First, what are commodities?

Commodities are basically raw materials used to create the products consumers buy. This includes food or agricultural products such as wheat and cattle, energy products such as oil and natural gas, and metals such as gold, silver and aluminum. 

Over the last century, the demand for standardized contracts for trading agricultural products have led to the development of commodity futures exchanges. Today, futures and options contracts can be traded on exchanges around the world on a huge array of agricultural products, metals or energy products. Commodities have since evolved into an asset class itself since the 1990s. 

Fast forward to today, investors can choose to invest in the commodities futures markets, with mutual funds or exchange-traded funds on single commodity exposures to sector based and broad based commodity exposures.

What is in it for investors to have commodities to be allocated to their portfolio?

Commodities is a distinct asset class with returns that are largely independent of stock and bond returns. Therefore, adding broad commodity exposure can logically help diversify a portfolio of stocks and bonds. 

1. To hedge against inflation

Commodities are one of the few asset classes that tend to benefit from rising inflation. As demand for goods and services increases, the price of those goods and services usually rises, as do the prices of the commodities used as inputs to produce those goods and services. 

In our current situation, the supply disruptions of commodities from Russia and Ukraine has driven up the commodity prices leading to inflationary pressures for the goods and services that consumers consume.
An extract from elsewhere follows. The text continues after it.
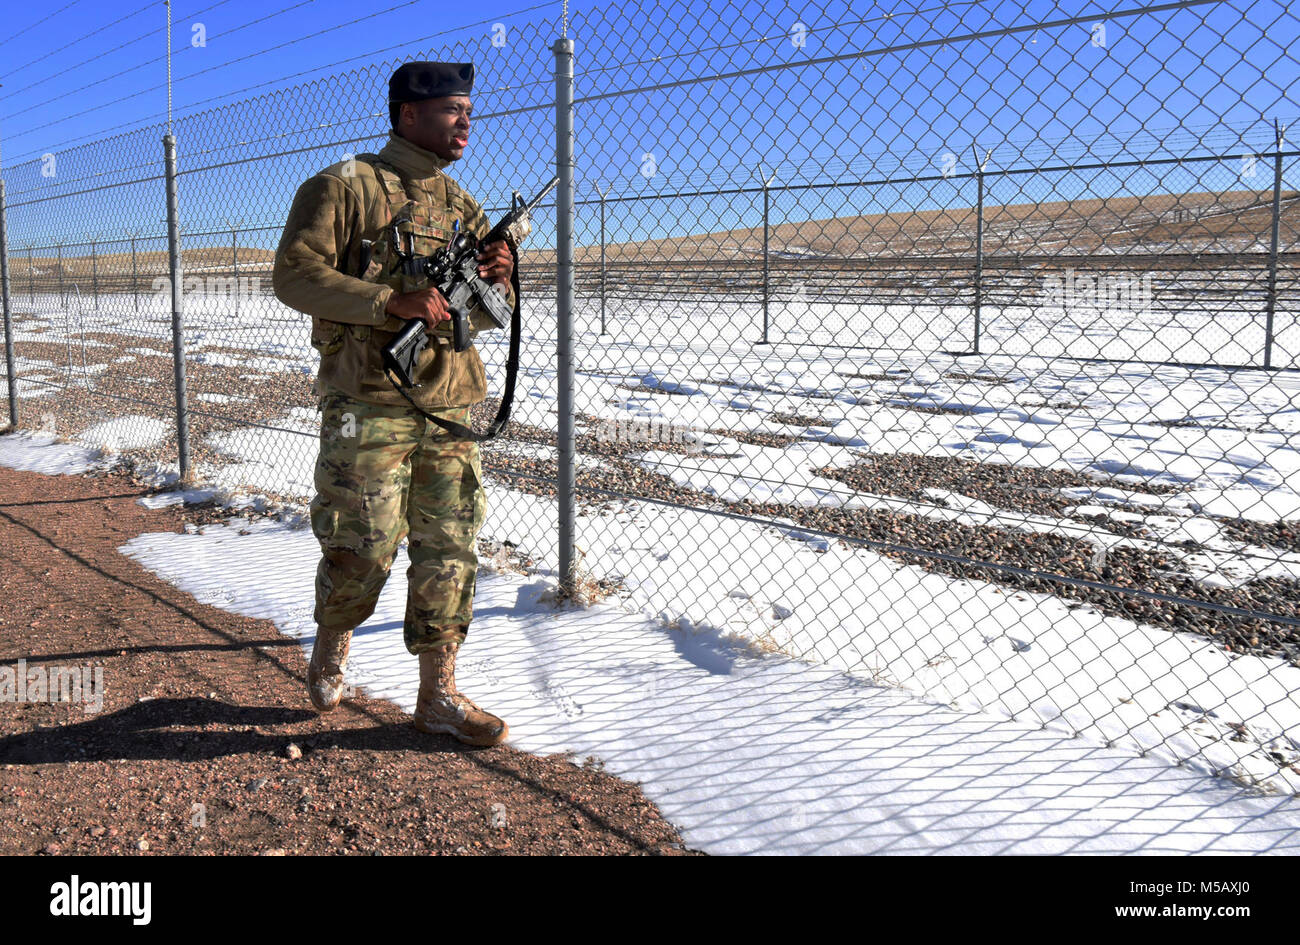 Senior Airman Erik Lewis, 90th Security Forces Squadron alarm monitor, patrols the fence in the weapons storage area at F.E Warren Air Force Base, Wyo., Jan. 26, 2018. Security forces members in the WSA are prepared to respond to threats at any time. (U.S. Air Force Stock Photo

As commodity prices usually rise when inflation is accelerating, investing in commodities should then provide portfolios with a hedge against inflation.

 

2. Diversification benefits

Diversification of asset classes usually results in less wild swings in portfolio returns. Stocks and bonds tend to perform better when the rate of inflation is stable or slowing. With a high inflation environment, it lowers the value of future cash flows paid by stocks and bonds because that future cash will be able to buy fewer goods and services than they would today with prices of commodities increasing. Hence the pullback in stocks performance will thus be cushioned by the rise of commodities outperformance and lead to a lower volatility in the portfolio performance.

 

3. Future upside potential

Although commodity markets have been around for centuries, investors’ interest in them has always been quite limited. Over the last few years, things have turned around. Commodities have gained traction and investment in commodities is growing at an unprecedented rate. It is estimated that over the past few years (institutional) investors have poured over US$70 billion into commodities and many institutions expect to significantly increase their exposure into commodities further. Given the insatiable demand for commodities, it seems that we are just getting started only.

 

These 3 reasons are some of the key ideas that are thrown around on why you should have commodities in your portfolio. It may look like a no-brainer to do so especially with commodities picking up at a great pace earlier this year. So should we invest in commodities? In our opinion, probably not. 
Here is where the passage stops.